Question

A rigid body of mass 0.3 kg is taken slowly up an inclined plane of length 10 m and height 5 m (assuming the applied force to be parallel to the inclined plane), and then allowed to slide down to the bottom again. The coefficient of friction between the body and the plane is 0.15. using g = 9.8 $m/s^2$ find the
(a) work done y the gravitational force over the round trip
(b) work done by the applied force over the upward journey
(c) work done by frictional force over the round trip
(d) kinetic energy of the body at the end of the trip?

Answer 1

It is given that

$m=0.3Kg$

$h=10m$

$l=5m$

$\mu =0.15$

(a) As the displacement over the round trip is zero so, work done by the gravitational force over the round trip is zero.
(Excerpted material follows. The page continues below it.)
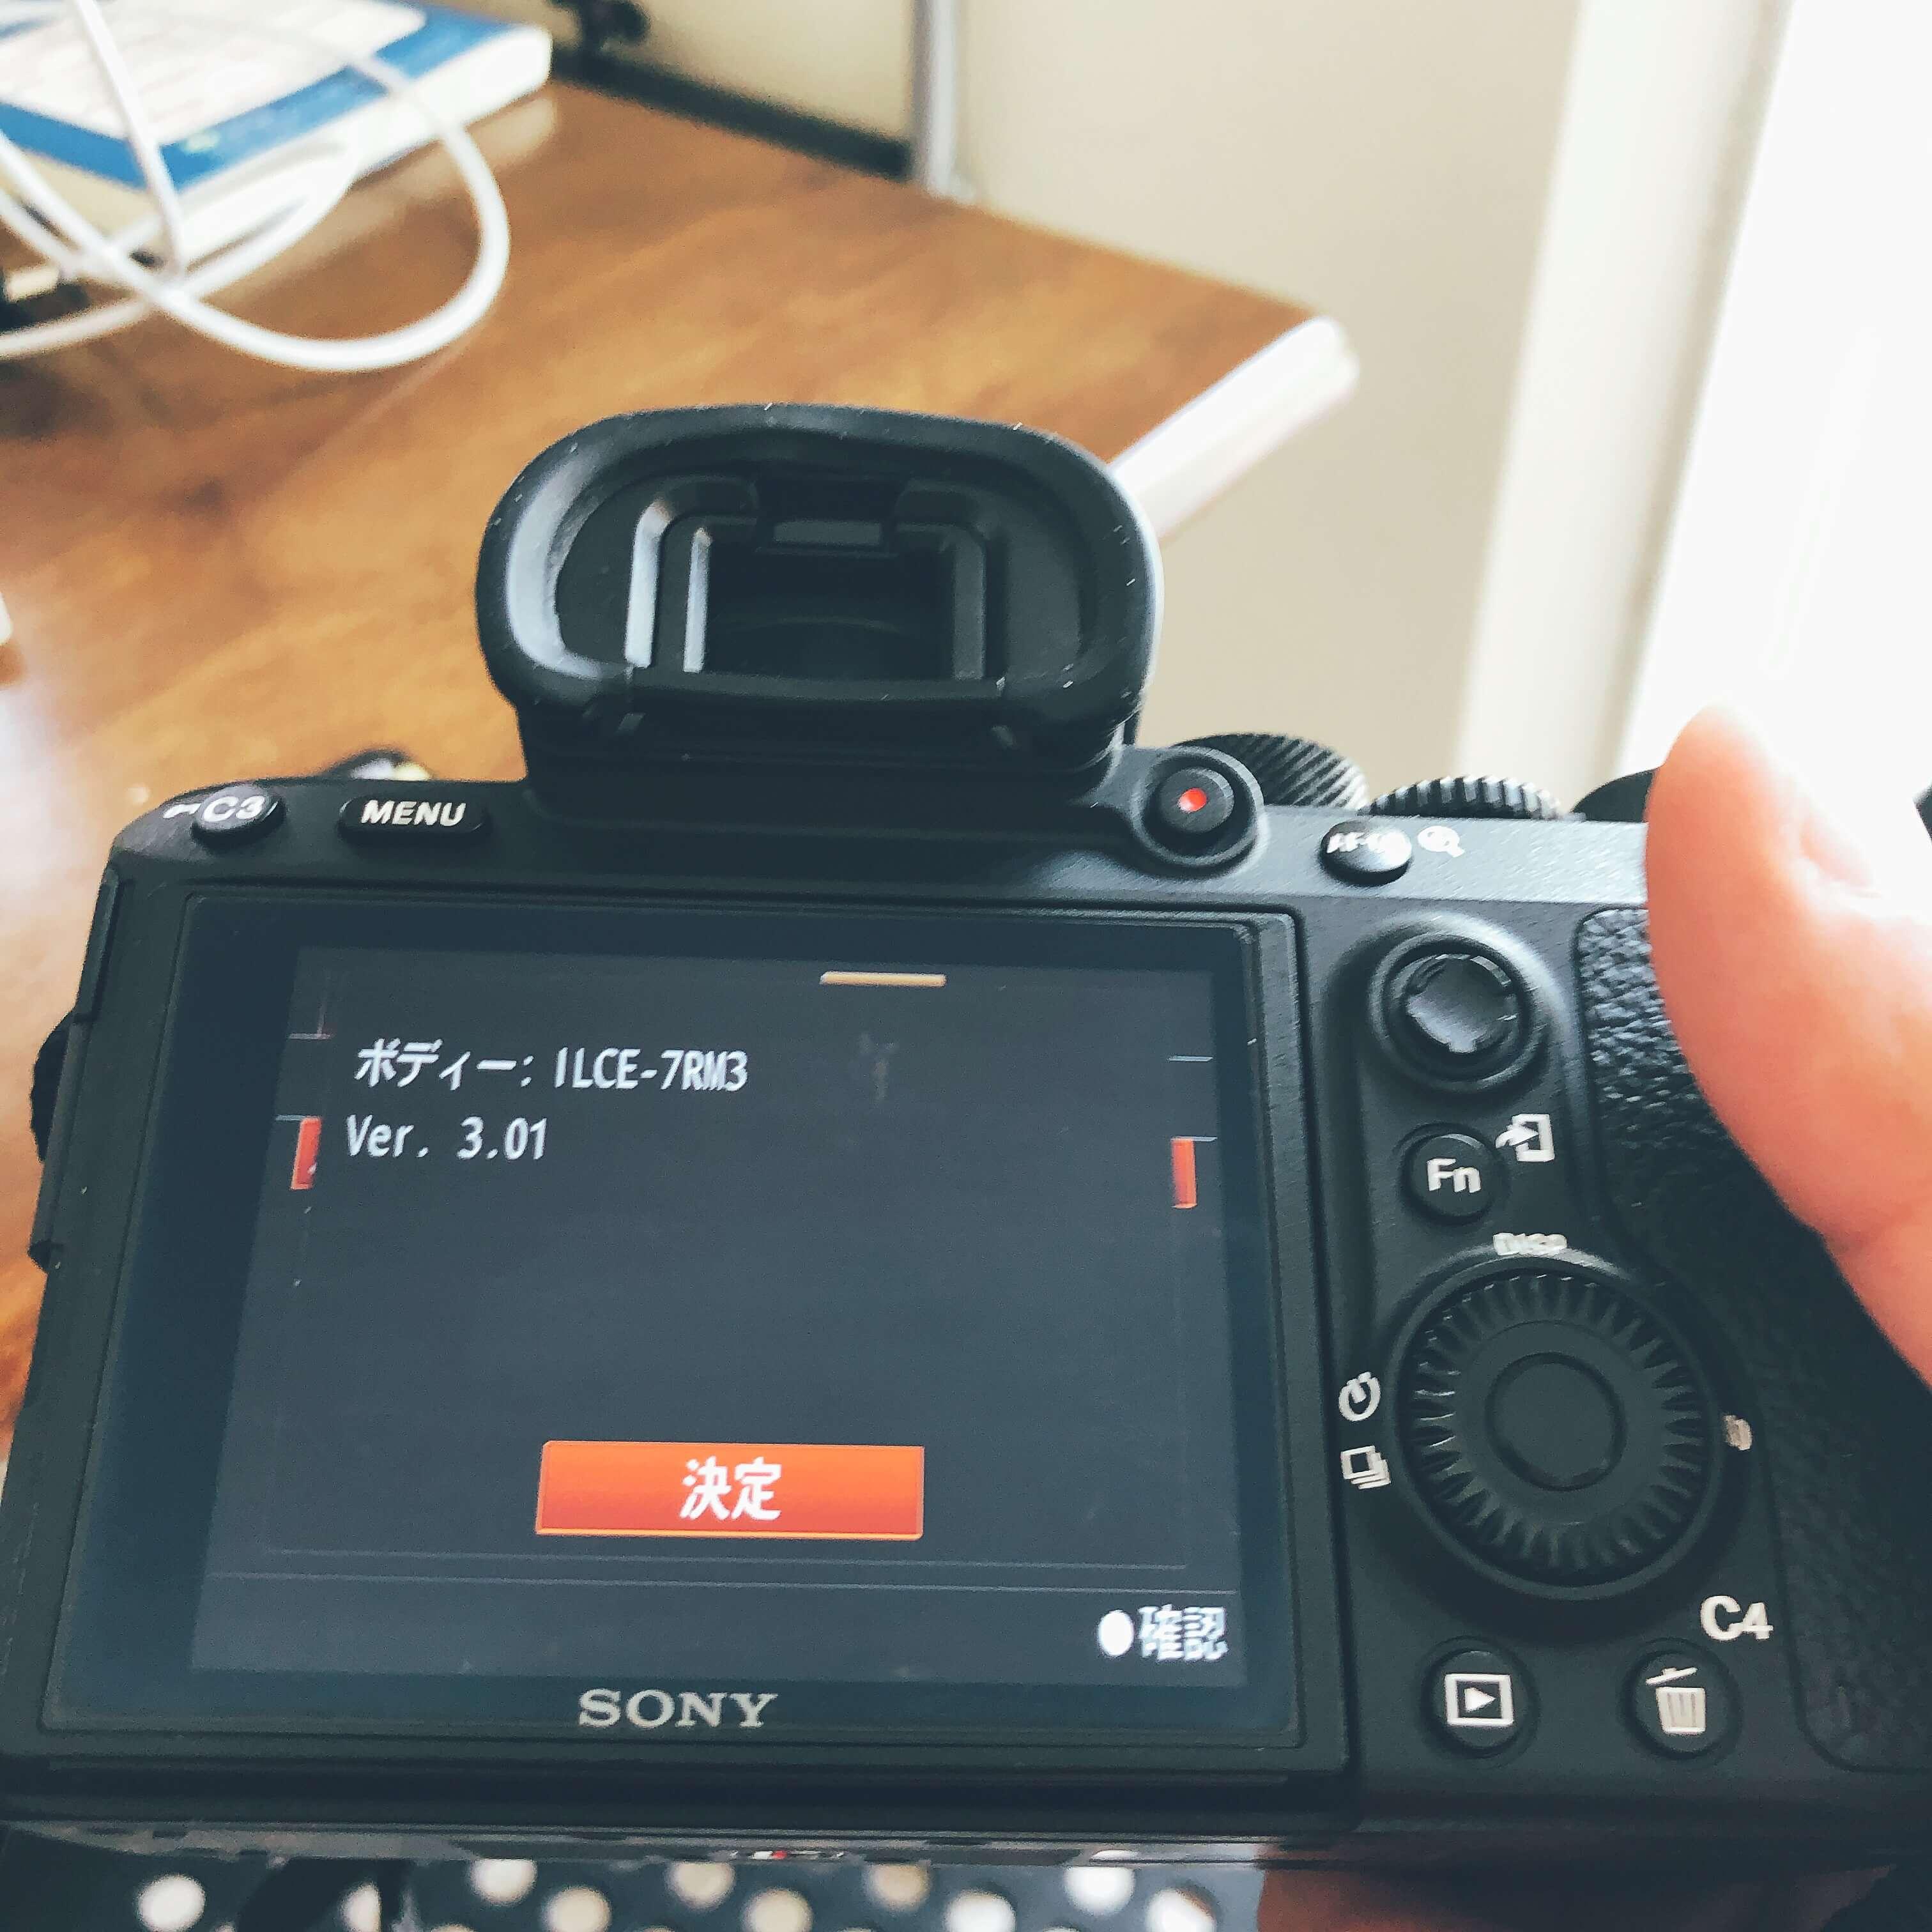 sony一眼レフカメラのバージョン確認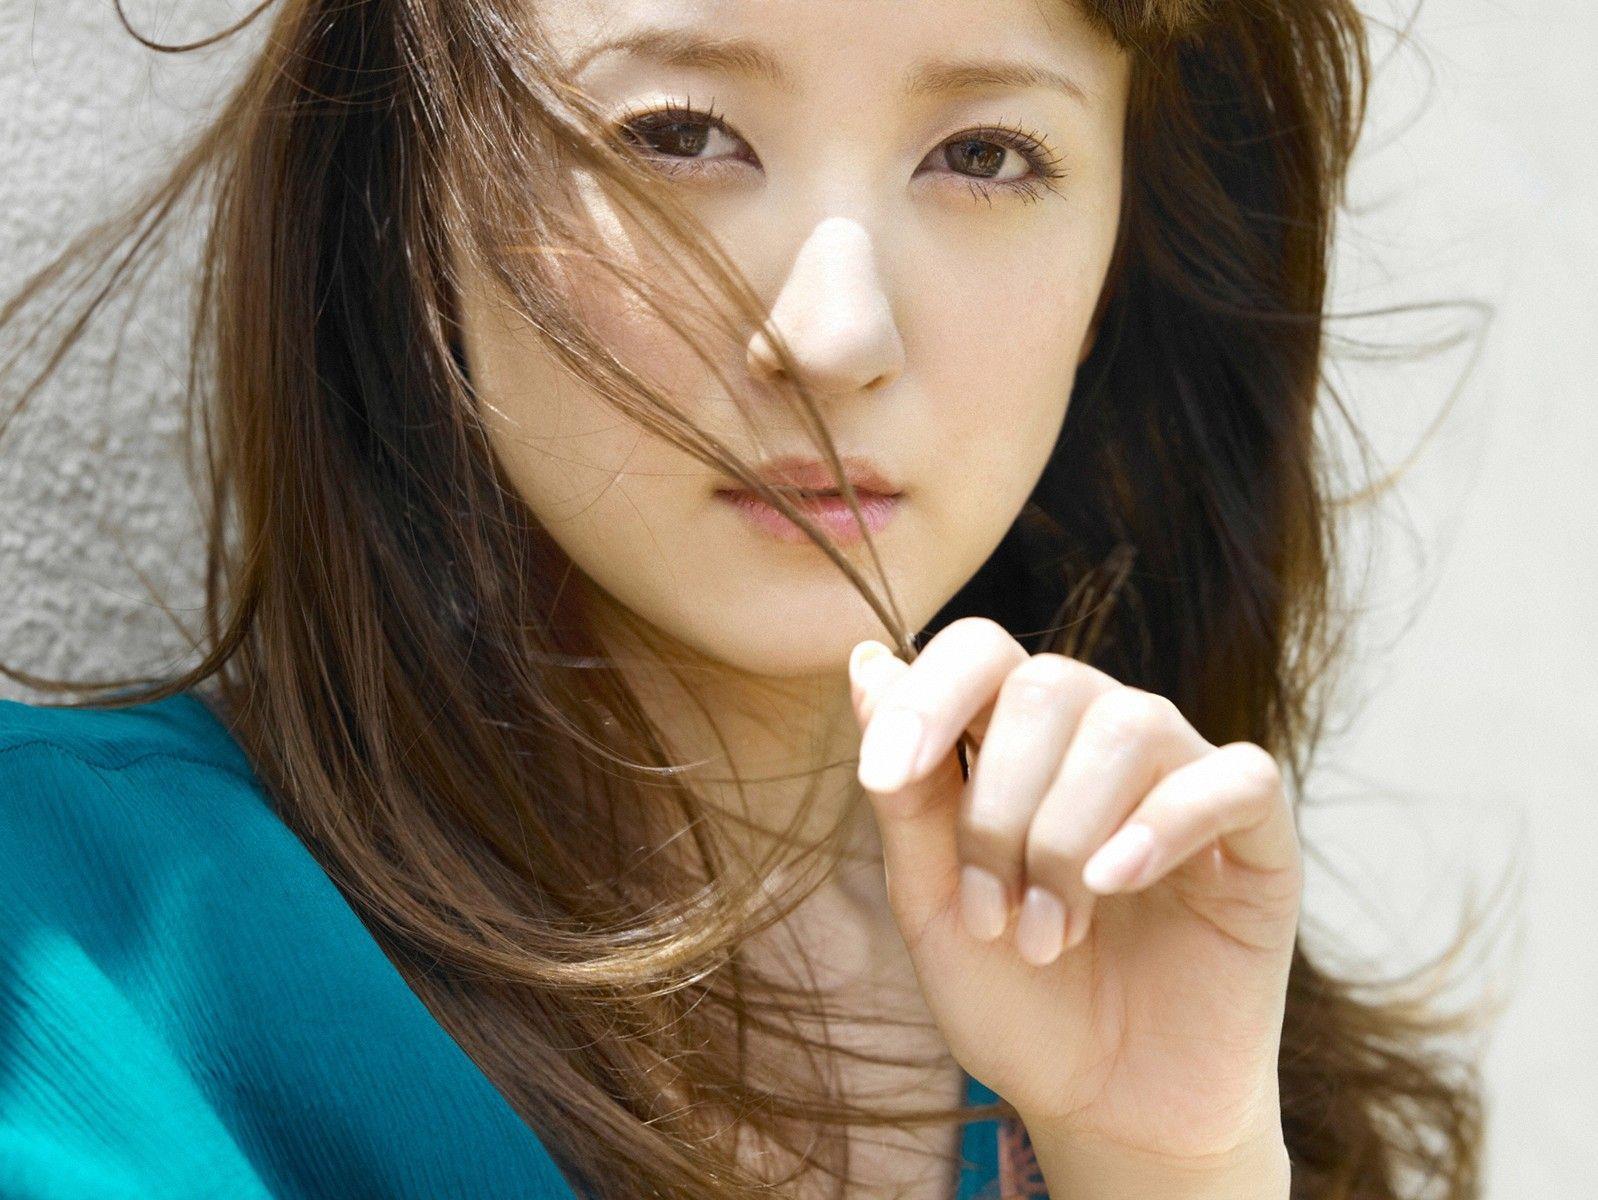 小松彩夏 エロ画像 4

(b) work done by the applied force over the upward journey

$W_{up}=F\times d$

$=(mg\sin \theta +f)h$

$=mg(\sin \theta +\mu \cos \theta )h$

$=0.3\times 9.8\times 10\left(\right(\frac{5}{10})+0.15(\frac{\sqrt{75}}{10}\left)\right)$

$=29.4(0.5+0.129)$

$=18.51J$

(c) work done by frictional force over the round trip

$W=2fh$

$=2\left(\mu mgh\cos \theta \right)$

$=2\times 0.15\times 0.3\times 9.8\times \frac{\sqrt{75}}{10}\times 10$

$=7.638J$

(d) kinetic energy of the body at the end of the trip

$K=\frac{1}{2}m{v}^2$

From newton’s second law

$mg\sin \theta -f=ma$

$mg\sin \theta -\mu mg\cos \theta =ma$

$a=g(\sin \theta -\mu \cos \theta )$

$a=9.8(0.5-0.15\times \frac{\sqrt{75}}{10})$

$a=3.62m{s}^{-2}$

$v^2-u^2=2as$

$v^2=72.4$

$v=8.5m/s$

$K=\frac{1}{2}\times 0.3\times 72.4K=10.86J$